15.— Némesis sobre El Mulero

Además, no estaba asustado; o debería decir que no me concedí tiempo para pensar en el miedo. Salí de la ciudad portuaria en un carro alquilado, y le ofrecí al carretero riquezas incalculables si me devolvía a la Urbe antes de oscurecer. Era el dinero de Roscio pero, maldita sea, yo le había salvado la vida, o al menos eso afirmaba, y ni él ni yo pudimos saber nunca hasta dónde habría llegado la purga de artistas del «grupo nuevo», si no hubiese conseguido yo nuestra inmunidad.

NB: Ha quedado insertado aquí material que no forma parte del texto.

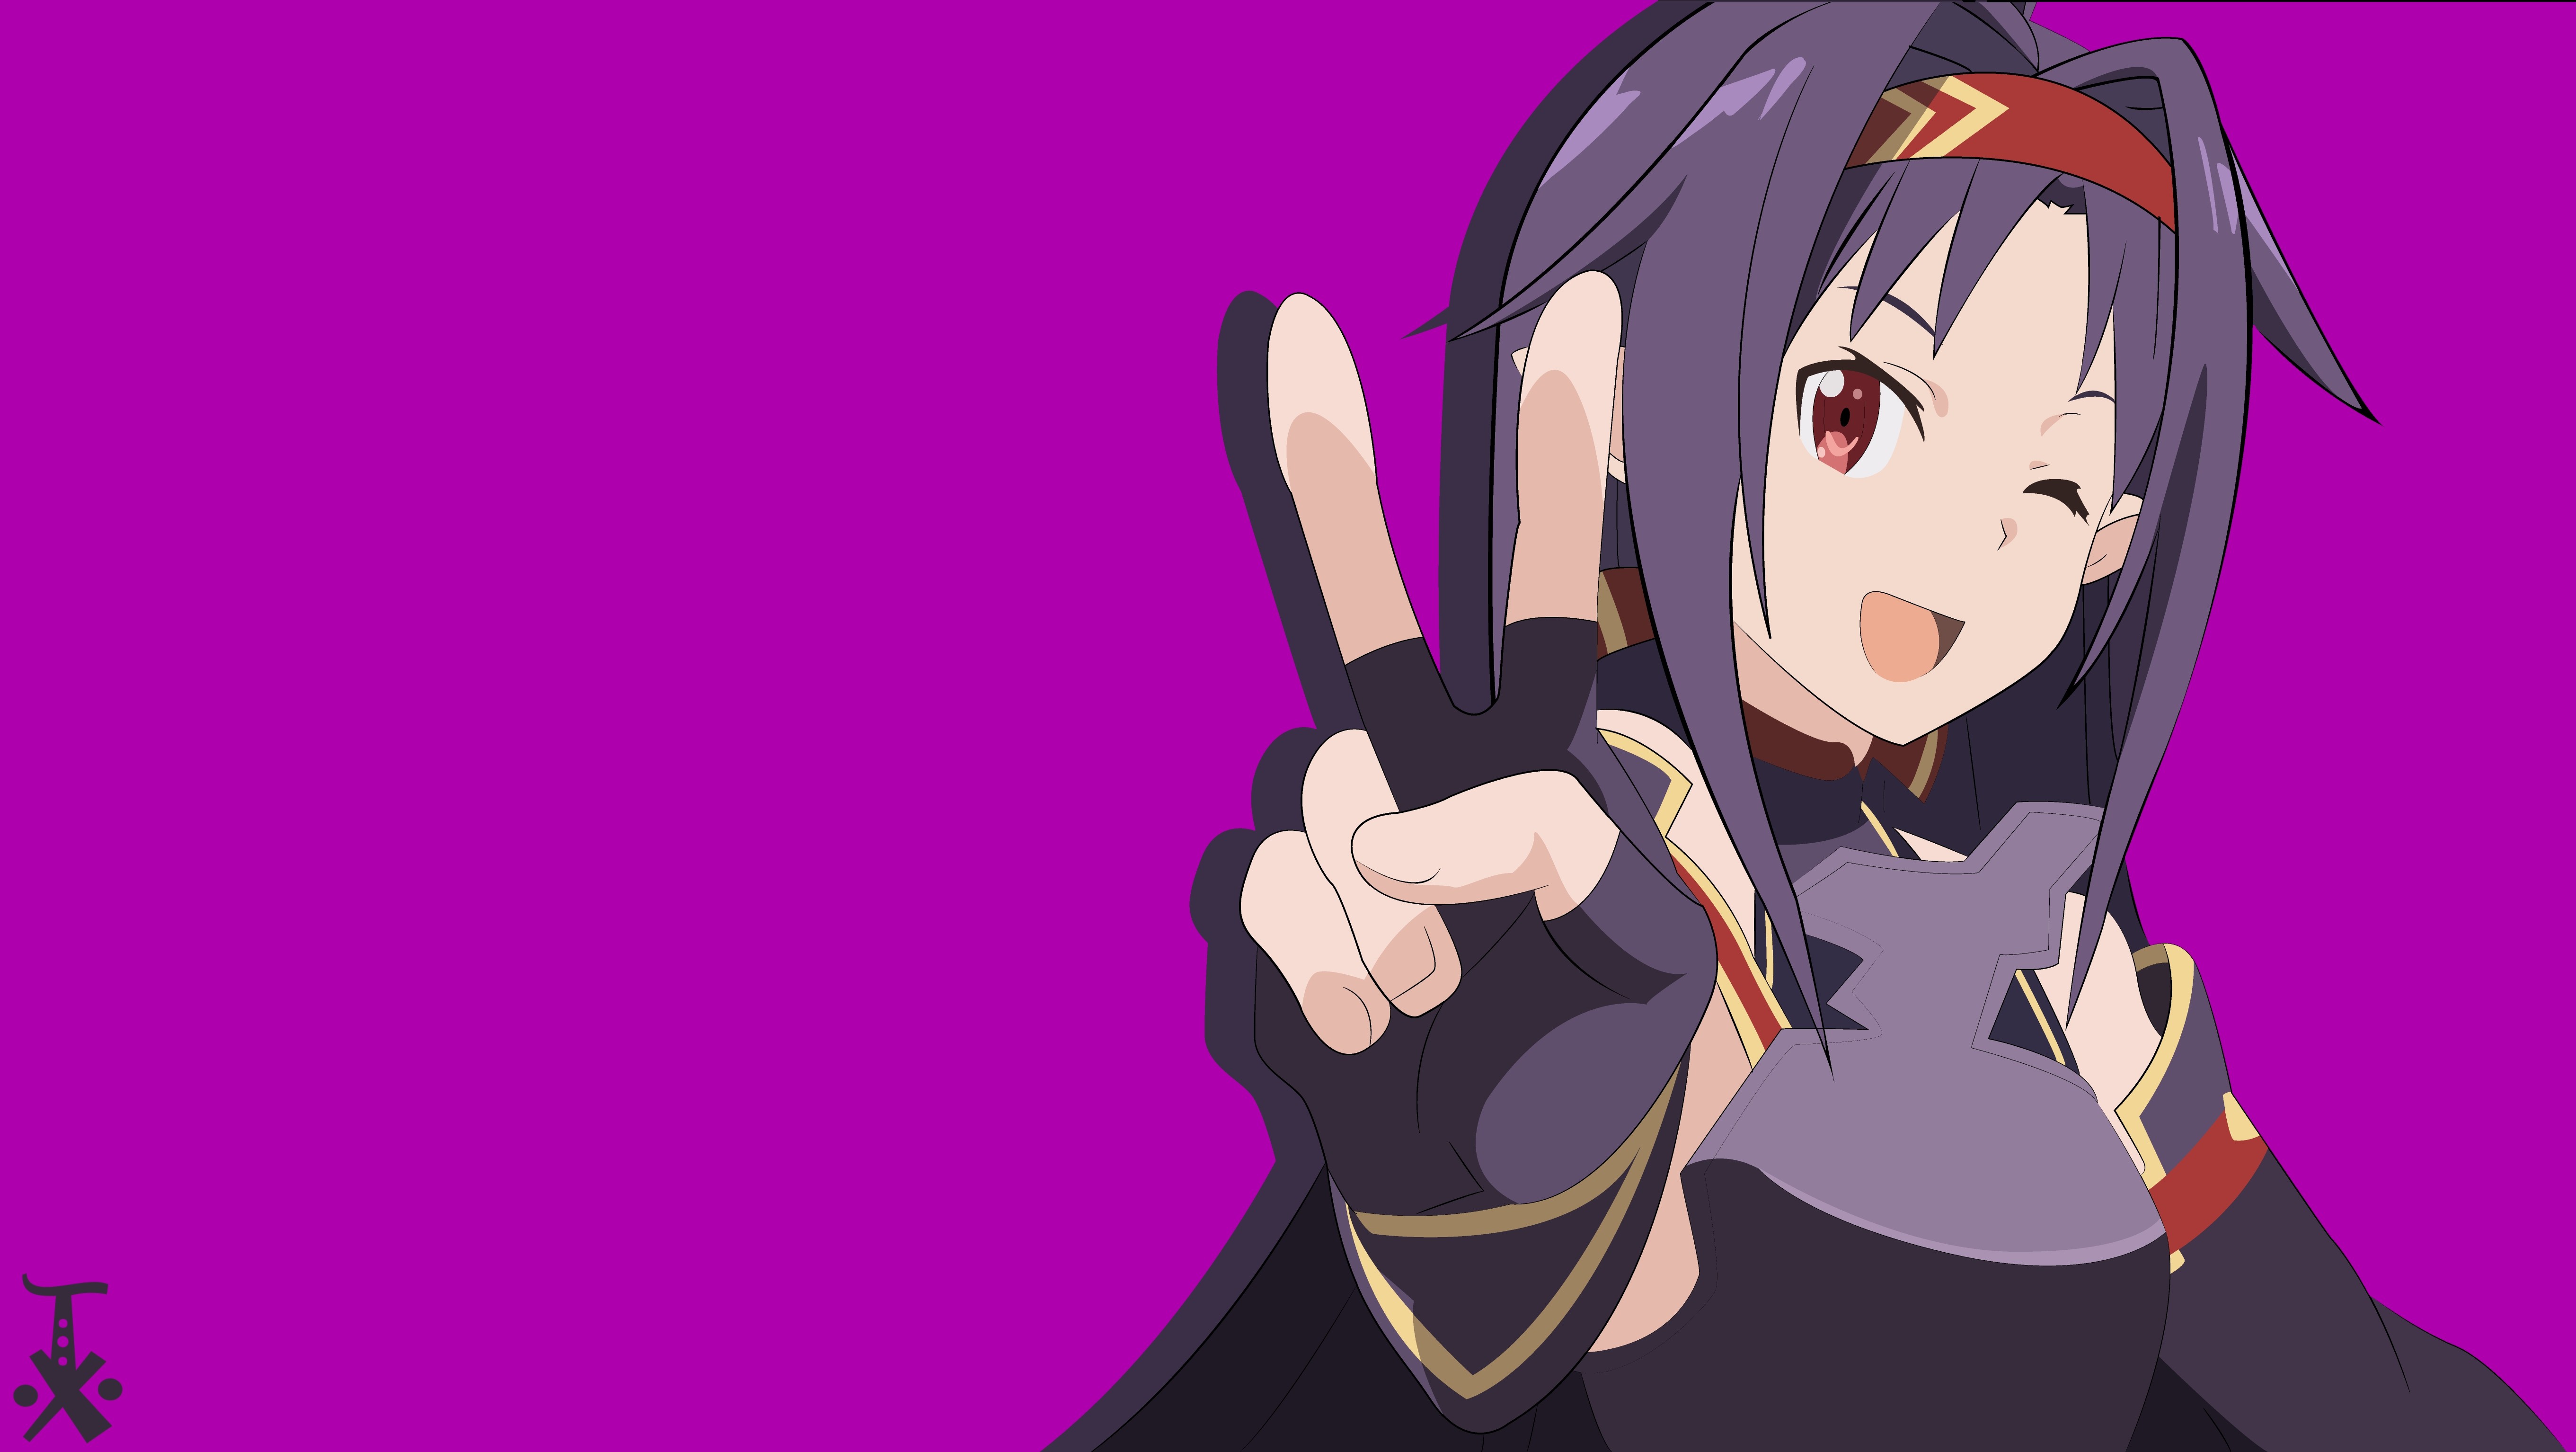 Anime 5443x3067 anime girls anime Sword Art Online Konno Yuuki pink background wink peace sign simple background victory sign red eyes open mouth hand gesture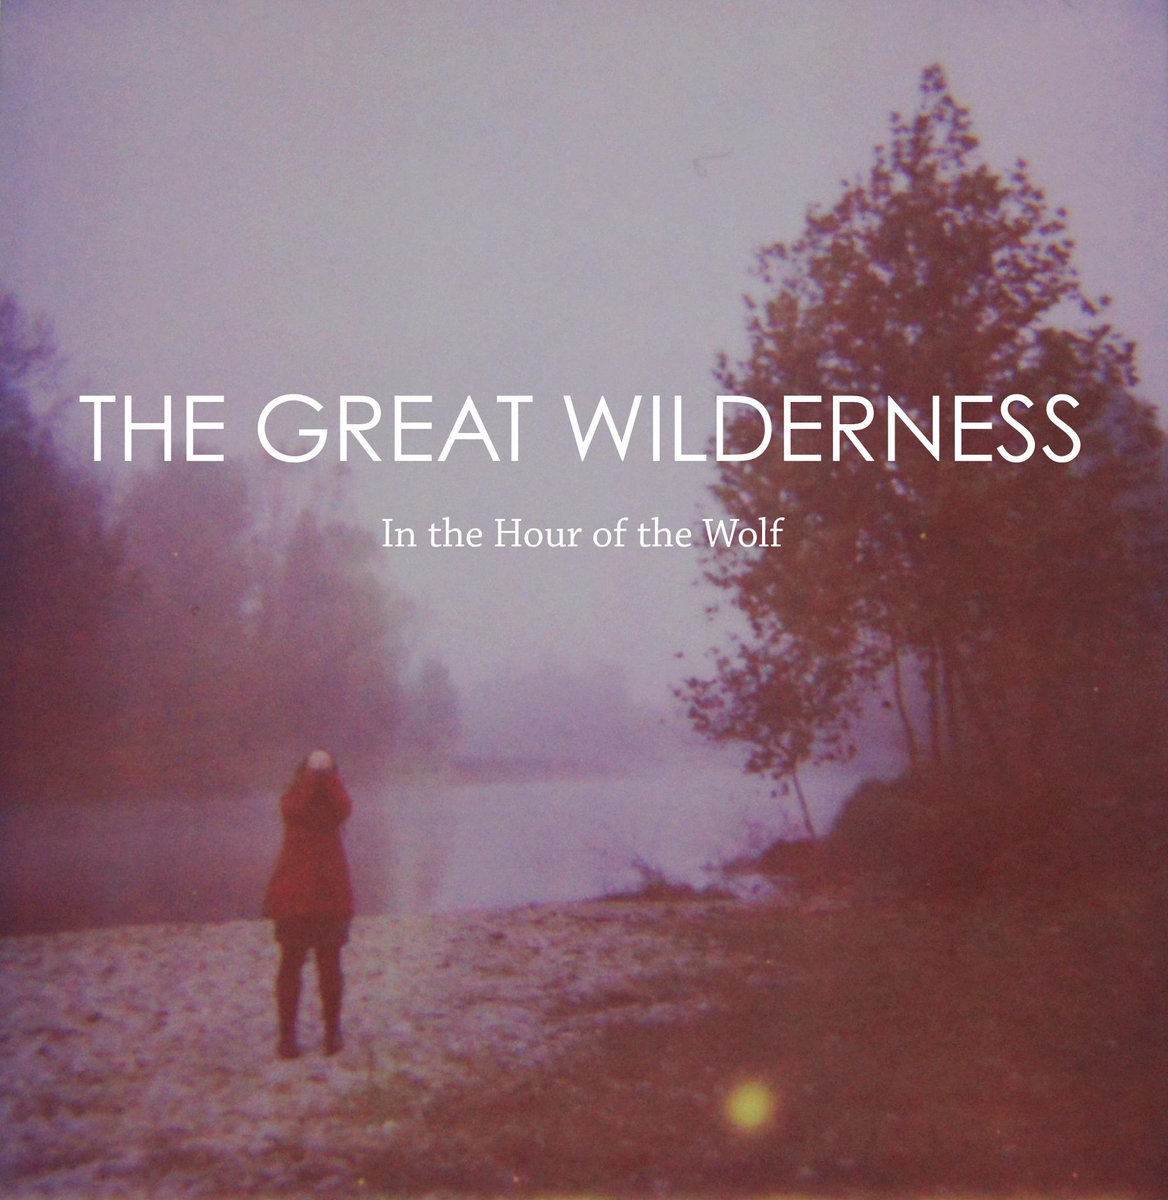 The Great Wilderness – In the Hour of the Wolf

La tablilla de inmunidad que me habían entregado estaba en mi bolsa, y hablaba de «servicios al Estado» prestados por mí, Roscio y todos nuestros asociados, e iba firmado por un grupo de letras, una especie de clave. Supuse que aún tenía validez, así que la aferré en mi mano, osadamente, y me apresuré caminando avenida arriba hacia la casa de El Mulero. El tráfico rodado estaba prohibido allí; puesto que ahora los de Investigación Política ya no existían, las regulaciones corrientes de la policía volvían a estar en vigor. En el exterior de la mansión había un guardia. Mi tablilla me abrió paso sin otro requisito que un modesto soborno.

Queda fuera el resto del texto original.